[Bioperl-l] FW: ORF finder
Gatherer, D. (Derek)
D.Gatherer@organon.nhe.akzonobel.nl
Tue, 5 Sep 2000 10:45:30 +0200
-----Original Message-----
From: hilmar.lapp@pharma.Novartis.com
[mailto:hilmar.lapp@pharma.Novartis.com]
Sent: 04 September 2000 18:28
To: Gatherer, D. (Derek)
Cc: Ewan Birney; bioperl-l@bioperl.org
Subject: RE: ORF finder
>>what sort of ORF finder would you be interested in? One that takes the
>>sequence as it is and outputs the most likely ORF (based on length and
>>coding potential)?
A _very_ simple ORF finder that could scan a database of cDNAs, and print
out all the potential ORFs and their putative translated products.
>>A couple of weeks ago I wrote to the BioPerl list about ESTScan.....
educated suggestion of how to model the insertions and deletions ESTScan
predicts....
Nothing so sophisticated, as yet!!
Here's the code I have so far:
_________________________________________
#---------------------------------------------------------------------------
--
# PACKAGE : FindORF.pm
# PURPOSE : To find open reading frames in a cDNA sequence
# AUTHOR : Derek Gatherer (D.Gatherer@organon.nhe.akzonobel.nl)
# SOURCE :
# CREATED : 5th September 2000
# MODIFIED :
# DISCLAIMER : I am employed in the pharmaceutical industry but my
# : employers do not endorse or sponsor this module
# : in any way whatsoever. The above email address is
# : given purely for the purpose of easy communication
# : with the author, and does not imply any connection
# : between my employers and anything written below.

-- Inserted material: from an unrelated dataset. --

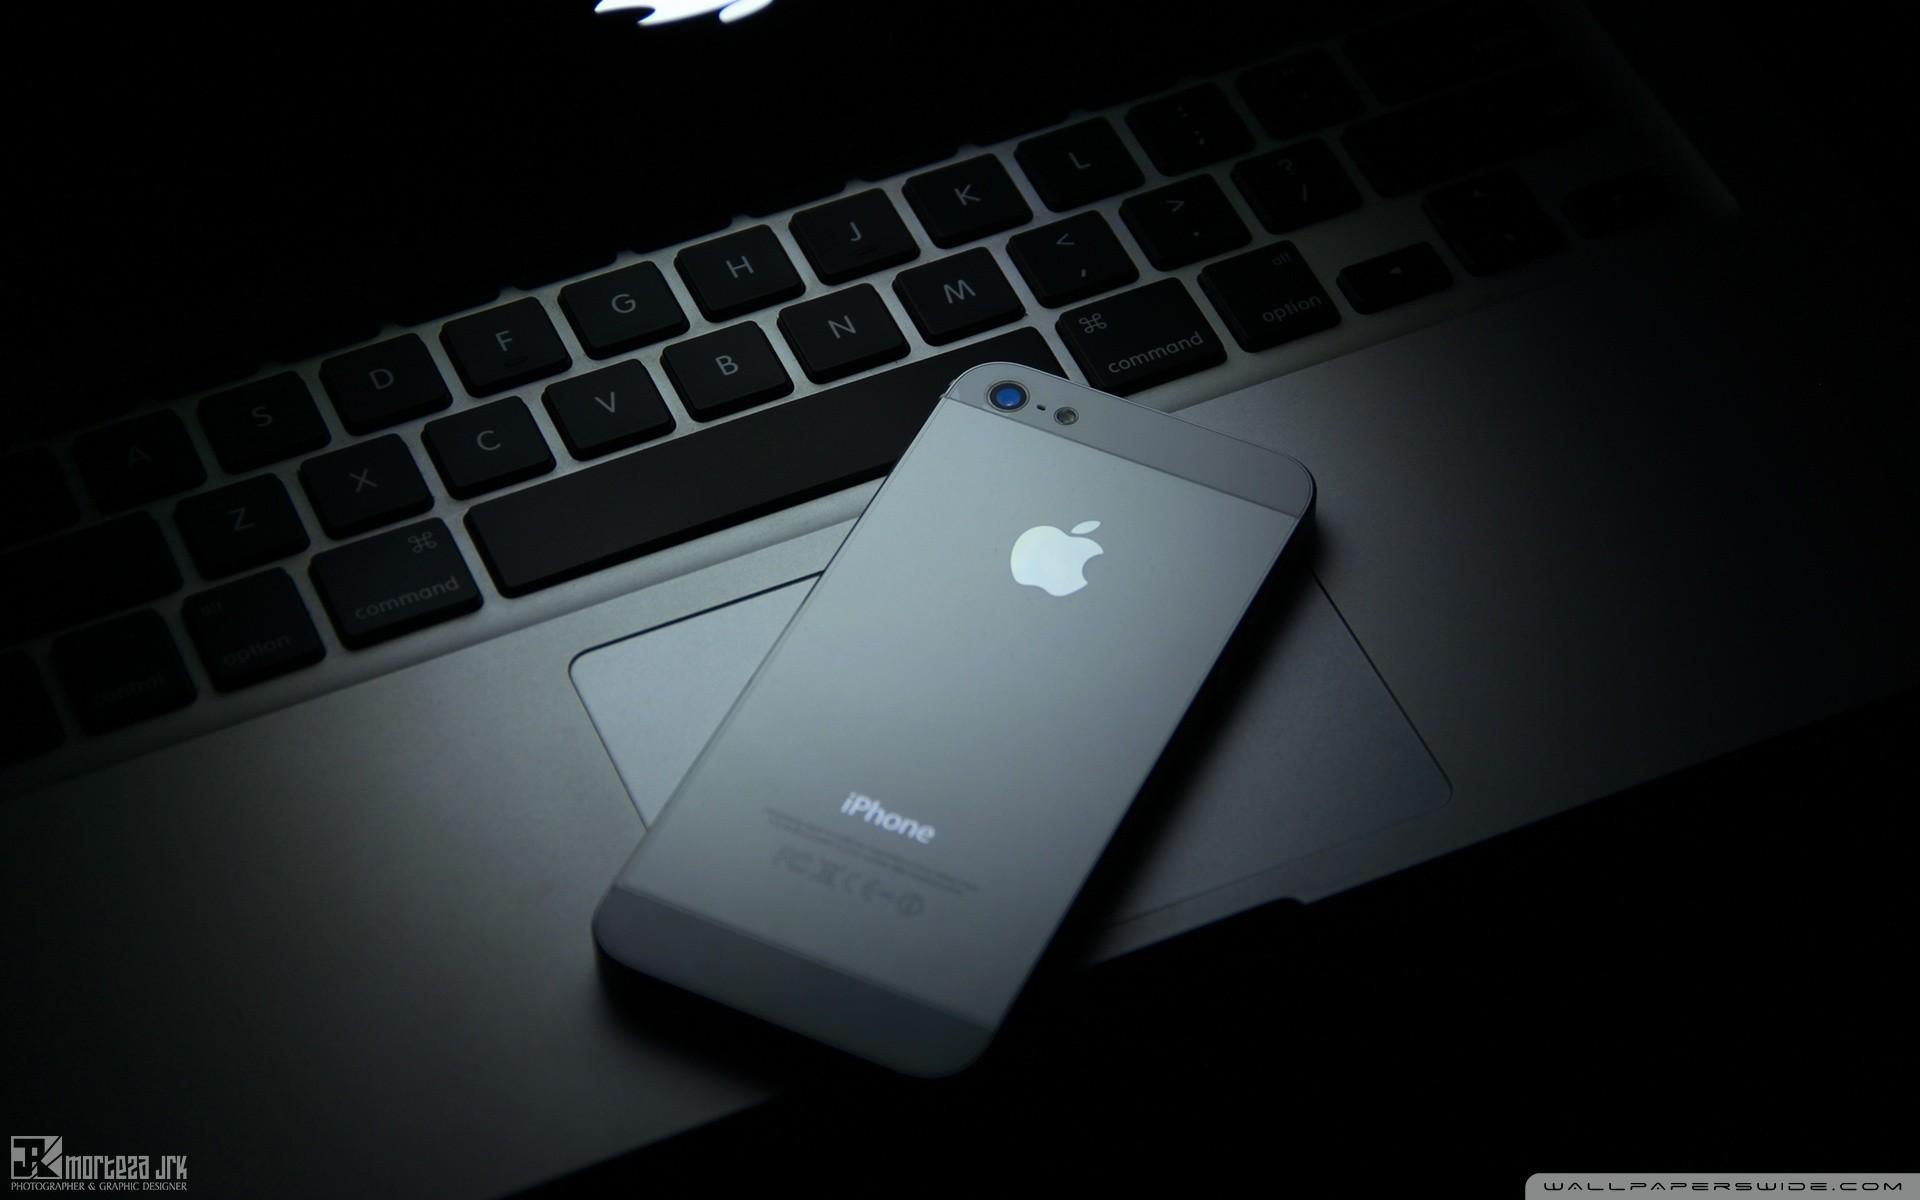 General 1920x1200 iPhone MacBook Apple Inc. technology

# LICENCE : You may distribute this module under the same terms
# : as the rest of BioPerl.
#---------------------------------------------------------------------------
--
=head1 NAME
Bio::Tools::FindORF - Object holding ORF statistics for one cDNA sequence
=head1 SYNOPSIS
Take a sequence object from, say, an inputstream, and creates an object
for the purposes of holding open reading frame (ORF) statistics about
that sequence. The minimum size of the ORF is specified. The ORFs
in only the forward orientation are searched. For reverse orientation,
it is recommended that the reverse complement be generated, by eg.
$seqobj->revcom(), and the FindORF call repeated.
Creating the FindORF object, eg:
my $inputstream = Bio::SeqIO->new( -file => "seqfile", -format =>
'Fasta');
my $seqobj = $inputstream->next_seq();
my $ORF_obj = Bio::Tools::FindORF->new($seqobj);
or:
my $seqobj = Bio::PrimarySeq->new(-seq=>'[cut and paste a sequence
here]', -moltype = 'dna', -id = 'test');
my $ORF_obj = Bio::Tools::FindORF->new($seqobj);
obtain an array of arrays, with each of the constituent arrays holding
the start point, the stop point, and the DNA sequence of the ORF.
The start point is taken to be the position of the A of the starting ATG,
and the stop point is taken to be the position immediately prior to the
first T of the stop codon.
So a sequence ATGAAAAAATGA would have start at 1 and stop at 9.
eg:
my $array_ref = $ORF_obj->get_ORFs(50);
will get all such ORFs of length more than 50 bases.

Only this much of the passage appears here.